*** Block opens ***

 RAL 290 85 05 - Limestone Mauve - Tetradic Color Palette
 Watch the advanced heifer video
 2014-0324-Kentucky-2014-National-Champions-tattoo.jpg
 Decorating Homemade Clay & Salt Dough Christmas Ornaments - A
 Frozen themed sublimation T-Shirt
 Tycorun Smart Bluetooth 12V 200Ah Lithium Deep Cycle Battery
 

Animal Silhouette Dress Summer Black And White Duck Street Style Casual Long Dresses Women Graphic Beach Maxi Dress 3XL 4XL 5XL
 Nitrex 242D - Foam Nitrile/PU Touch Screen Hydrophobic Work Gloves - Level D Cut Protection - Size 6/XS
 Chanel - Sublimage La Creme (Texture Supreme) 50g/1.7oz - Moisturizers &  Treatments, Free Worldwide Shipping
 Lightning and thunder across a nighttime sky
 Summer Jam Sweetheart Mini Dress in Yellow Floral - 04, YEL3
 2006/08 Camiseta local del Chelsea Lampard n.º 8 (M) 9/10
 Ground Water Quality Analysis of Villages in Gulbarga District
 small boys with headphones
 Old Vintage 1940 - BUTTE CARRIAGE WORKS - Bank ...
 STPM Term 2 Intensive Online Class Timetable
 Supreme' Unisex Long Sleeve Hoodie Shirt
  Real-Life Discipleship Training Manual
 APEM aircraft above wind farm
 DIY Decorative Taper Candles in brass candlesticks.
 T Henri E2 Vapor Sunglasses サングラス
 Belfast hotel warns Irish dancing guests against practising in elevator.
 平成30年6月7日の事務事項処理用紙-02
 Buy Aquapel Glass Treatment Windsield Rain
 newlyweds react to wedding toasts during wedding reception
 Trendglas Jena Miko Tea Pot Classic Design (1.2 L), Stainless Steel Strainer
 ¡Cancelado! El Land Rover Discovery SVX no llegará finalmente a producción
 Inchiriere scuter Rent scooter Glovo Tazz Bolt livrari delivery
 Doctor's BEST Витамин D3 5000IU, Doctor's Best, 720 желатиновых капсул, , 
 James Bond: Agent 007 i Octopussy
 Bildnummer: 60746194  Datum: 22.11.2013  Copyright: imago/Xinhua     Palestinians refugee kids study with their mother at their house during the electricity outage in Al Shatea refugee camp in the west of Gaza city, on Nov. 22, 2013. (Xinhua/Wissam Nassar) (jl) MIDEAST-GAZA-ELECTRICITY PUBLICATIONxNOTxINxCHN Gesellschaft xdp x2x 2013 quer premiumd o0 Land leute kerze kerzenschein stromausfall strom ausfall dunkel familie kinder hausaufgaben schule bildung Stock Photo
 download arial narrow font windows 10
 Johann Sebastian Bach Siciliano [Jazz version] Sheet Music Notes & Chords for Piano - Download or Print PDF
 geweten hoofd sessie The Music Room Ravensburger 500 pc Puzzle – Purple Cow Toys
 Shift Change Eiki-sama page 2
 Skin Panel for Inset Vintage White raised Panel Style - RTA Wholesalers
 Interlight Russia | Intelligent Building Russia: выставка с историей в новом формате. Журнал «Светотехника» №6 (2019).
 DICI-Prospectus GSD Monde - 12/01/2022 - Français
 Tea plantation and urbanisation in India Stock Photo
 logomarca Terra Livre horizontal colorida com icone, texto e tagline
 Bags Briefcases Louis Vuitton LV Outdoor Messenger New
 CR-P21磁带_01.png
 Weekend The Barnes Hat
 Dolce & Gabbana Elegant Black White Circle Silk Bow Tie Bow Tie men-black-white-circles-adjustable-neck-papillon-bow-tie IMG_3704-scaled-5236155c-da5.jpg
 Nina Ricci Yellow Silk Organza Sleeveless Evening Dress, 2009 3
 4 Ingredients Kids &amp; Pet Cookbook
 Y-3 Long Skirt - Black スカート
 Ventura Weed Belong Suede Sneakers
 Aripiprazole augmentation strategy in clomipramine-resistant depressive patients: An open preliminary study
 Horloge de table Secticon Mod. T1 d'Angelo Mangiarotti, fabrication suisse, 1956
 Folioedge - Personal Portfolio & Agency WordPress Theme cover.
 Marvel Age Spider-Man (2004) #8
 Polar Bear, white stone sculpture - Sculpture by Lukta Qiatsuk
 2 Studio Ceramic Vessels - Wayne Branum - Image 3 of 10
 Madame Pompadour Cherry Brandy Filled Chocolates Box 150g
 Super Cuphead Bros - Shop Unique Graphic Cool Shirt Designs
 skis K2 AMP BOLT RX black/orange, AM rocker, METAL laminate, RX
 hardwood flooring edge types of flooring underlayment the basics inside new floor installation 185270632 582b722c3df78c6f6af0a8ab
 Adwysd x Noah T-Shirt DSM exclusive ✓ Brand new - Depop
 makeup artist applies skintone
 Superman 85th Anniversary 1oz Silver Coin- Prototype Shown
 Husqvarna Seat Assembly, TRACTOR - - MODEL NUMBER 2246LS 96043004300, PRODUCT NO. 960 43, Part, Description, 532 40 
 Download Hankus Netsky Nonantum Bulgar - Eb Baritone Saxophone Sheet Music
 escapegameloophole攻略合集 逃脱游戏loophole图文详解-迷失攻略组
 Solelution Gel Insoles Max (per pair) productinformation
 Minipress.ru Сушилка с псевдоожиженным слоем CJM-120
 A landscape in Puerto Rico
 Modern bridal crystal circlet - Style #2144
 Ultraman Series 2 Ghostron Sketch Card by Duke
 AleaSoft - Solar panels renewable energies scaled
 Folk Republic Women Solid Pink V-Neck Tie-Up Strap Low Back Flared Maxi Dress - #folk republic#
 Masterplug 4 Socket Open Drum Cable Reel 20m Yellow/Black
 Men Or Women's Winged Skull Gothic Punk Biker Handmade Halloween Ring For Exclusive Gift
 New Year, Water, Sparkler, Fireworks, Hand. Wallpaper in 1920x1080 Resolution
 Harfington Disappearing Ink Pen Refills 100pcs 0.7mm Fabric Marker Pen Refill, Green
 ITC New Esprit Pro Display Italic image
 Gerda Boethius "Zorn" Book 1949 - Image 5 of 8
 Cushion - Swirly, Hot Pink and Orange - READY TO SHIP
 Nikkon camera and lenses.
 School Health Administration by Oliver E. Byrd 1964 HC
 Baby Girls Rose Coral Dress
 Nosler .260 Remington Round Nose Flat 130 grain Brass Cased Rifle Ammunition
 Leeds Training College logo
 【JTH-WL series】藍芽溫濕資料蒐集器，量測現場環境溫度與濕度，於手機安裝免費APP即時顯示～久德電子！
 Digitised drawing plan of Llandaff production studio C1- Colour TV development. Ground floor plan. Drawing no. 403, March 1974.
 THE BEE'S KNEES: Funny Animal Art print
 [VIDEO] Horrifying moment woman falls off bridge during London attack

*** Block closes ***

DIRECTIONS: Return, word for word, the lines of the data above from the line with "ITC New Esprit Pro Display Italic image" through the line with "Leeds Training College logo", inclusive.

EXPECTED OUTPUT:
 ITC New Esprit Pro Display Italic image
 Gerda Boethius "Zorn" Book 1949 - Image 5 of 8
 Cushion - Swirly, Hot Pink and Orange - READY TO SHIP
 Nikkon camera and lenses.
 School Health Administration by Oliver E. Byrd 1964 HC
 Baby Girls Rose Coral Dress
 Nosler .260 Remington Round Nose Flat 130 grain Brass Cased Rifle Ammunition
 Leeds Training College logo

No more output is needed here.